IAC intends to enter into a purchase plan designed to comply with Rule 10b5-1
(the "10b5-1 Plan") under the Securities Exchange Act of 1934, as amended (the
"Exchange Act"). Pursuant to the 10b5-1 Plan, an agent appointed by IAC will
determine the time, amount and price at which purchases of IAC common stock
will be made in the open market, subject to certain parameters established in
advance by IAC. The plan generally calls for purchases of 25% of the average
daily trading volume for IAC common stock for the preceding four calendar
weeks, which, as of today, was approximately 1.1 million shares daily. The
10b5-1 Plan will terminate no later than the earlier of the date that proxy
materials relating to the proposed IAC spin-off of its travel related
businesses are mailed to IAC stockholders and the date that proxy materials
related to the Ask Jeeves transaction are mailed to Ask Jeeves stockholders, or
otherwise as established in the plan. IAC may also purchase stock in privately
negotiated transactions.
Repurchased shares of IAC common stock will be held as treasury shares. In
light of IAC's intended repurchases, IAC today is filing a Form 8-K with the
Securities and Exchange Commission in order to provide certain information that
may be of interest to investors about IAC's current plans for its previously
announced spin-off transaction.
About IAC/InterActiveCorp
IAC operates leading and diversified businesses in sectors being transformed by
the internet, online and offline... our mission is to harness the power of
interactivity to make daily life easier and more productive for people all over
the world. To view a full list of the companies of IAC please visit our website
at http://iac.com/.
Safe Harbor Statement Under The Private Securities Litigation Reform Act Of
1995
This press release contains "forward-looking statements" within the meaning of
the Private Securities Litigation Reform Act of 1995. These forward-looking
statements include statements relating to IAC's anticipated financial
performance, business prospects, new developments and similar matters, and/or
statements preceded by, followed by or that include the words "believes,"
"could," "expects," "anticipates," "estimates," "intends," "plans," or similar
expressions. These forward-looking statements are based on management's current
expectations and assumptions, which are inherently subject to uncertainties,
risks and changes in circumstances that are difficult to predict. Actual
results may differ materially from those suggested by the forward-looking
statements due to a variety of factors, including changes in business,
political, and economic conditions due to the threat of future terrorist
activity or otherwise, actions and initiatives by current and potential
competitors, changes in the availability of favorably priced inventory, changes
in occupancy rates, the effect of current and future legislation or regulation,
the ability to make cost efficient expenditures in connection with expanding
our reach, the ability to expand our reach into international markets, and
certain other additional factors described in IAC's filings with the Securities
and Exchange Commission. Other unknown or unpredictable factors also could have
material adverse effects on IAC's future results, performance or achievements.

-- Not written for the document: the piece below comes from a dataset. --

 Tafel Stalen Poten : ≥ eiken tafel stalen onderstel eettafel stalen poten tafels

In light of these risks, uncertainties, assumptions and factors, the
forward-looking events discussed in this press release may not occur. You are
cautioned not to place undue reliance on these forward-looking statements,
which speak only as of the date stated, or if no date is stated, as of the date
of this press release.
IAC is not under any obligation and does not intend to make publicly available
any update or other revisions to any of the forward-looking statements
contained in this press release to reflect circumstances existing after the
date of this press release or to reflect the occurrence of future events even
if experience or future events make it clear that any expected results
expressed or implied by those forward-looking statements will not be realized.

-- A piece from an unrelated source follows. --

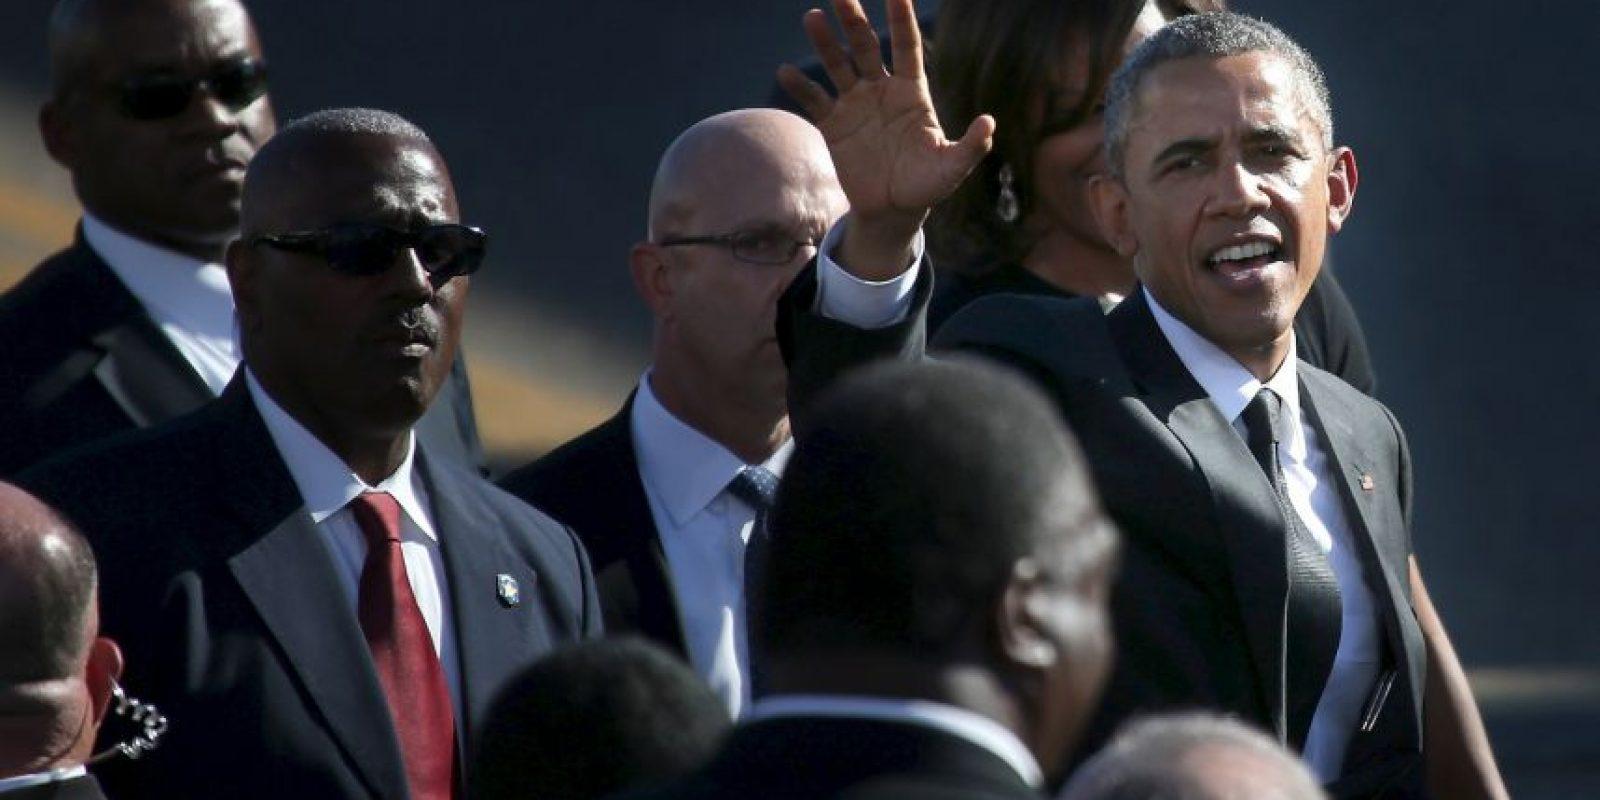 """El presidente de Estados Unidos confesó que llevó a sus hijas, Malia y Sasha, a Selma para """"recordarles sus obligaciones"""". Foto:Getty Images"""

Where to Find Additional Information about the Ask Jeeves Acquisition
IAC intends to file a registration statement with the Securities and Exchange
Commission ("SEC") that will include a combined proxy statement/prospectus of
Ask Jeeves and IAC and other relevant documents in connection with the proposed
merger. Ask Jeeves stockholders should read the proxy statement/prospectus and
other relevant materials when they become available, because they will contain
important information about Ask Jeeves, IAC and the proposed merger.
In addition to the documents described above, Ask Jeeves and IAC file annual,
quarterly and current reports, proxy statements and other information with the
SEC. The proxy statement/prospectus and other relevant materials (when they
become available), and any other documents filed with the SEC by Ask Jeeves or
IAC are available without charge at the SEC's website at http://www.sec.gov/,
or from the companies' websites, at http://www.ask.com/ and
http://www.iac.com/, respectively.
Ask Jeeves, IAC and their respective officers and directors may be deemed to be
participants in the solicitation of proxies from Ask Jeeves stockholders in
connection with the proposed merger. A description of certain interests of the
directors and executive officers of Ask Jeeves is set forth in Ask Jeeves'
proxy statement for its 2004 annual meeting, which was filed with the SEC on
April 16, 2004. A description of certain interests of the directors and
executive officers of IAC is set forth in IAC's proxy statement for its 2004
annual meeting, which was filed with the SEC on April 29, 2004. Additional
information regarding the interests of such potential participants will be
included in the definitive proxy statement/ prospectus and other relevant
documents to be filed with the SEC in connection with the proposed merger.
Where to Find Additional Information about the IAC Spin-Off
In connection with the proposed spin-off it is currently expected that IAC will
file a proxy statement/prospectus with the Securities and Exchange Commission
(the "SEC"). Stockholders of IAC are urged to read the proxy
statement/prospectus, when it becomes available, because it will contain
important information about IAC, the proposed spin-off transaction and related
matters. Investors and security holders can obtain free copies of the proxy
statement/prospectus when it becomes available by contacting Investor
Relations, IAC/InterActiveCorp, Carnegie Hall Tower, 152 W. 57th Street, 42nd
Floor, New York, NY 10019 (Telephone: (212) 314-7400). Investors and security
holders can also obtain free copies of the proxy statement/prospectus and other
documents filed by IAC and Expedia with the SEC in connection with the proposed
spin-off transaction at the SEC's web site at http://www.sec.gov/.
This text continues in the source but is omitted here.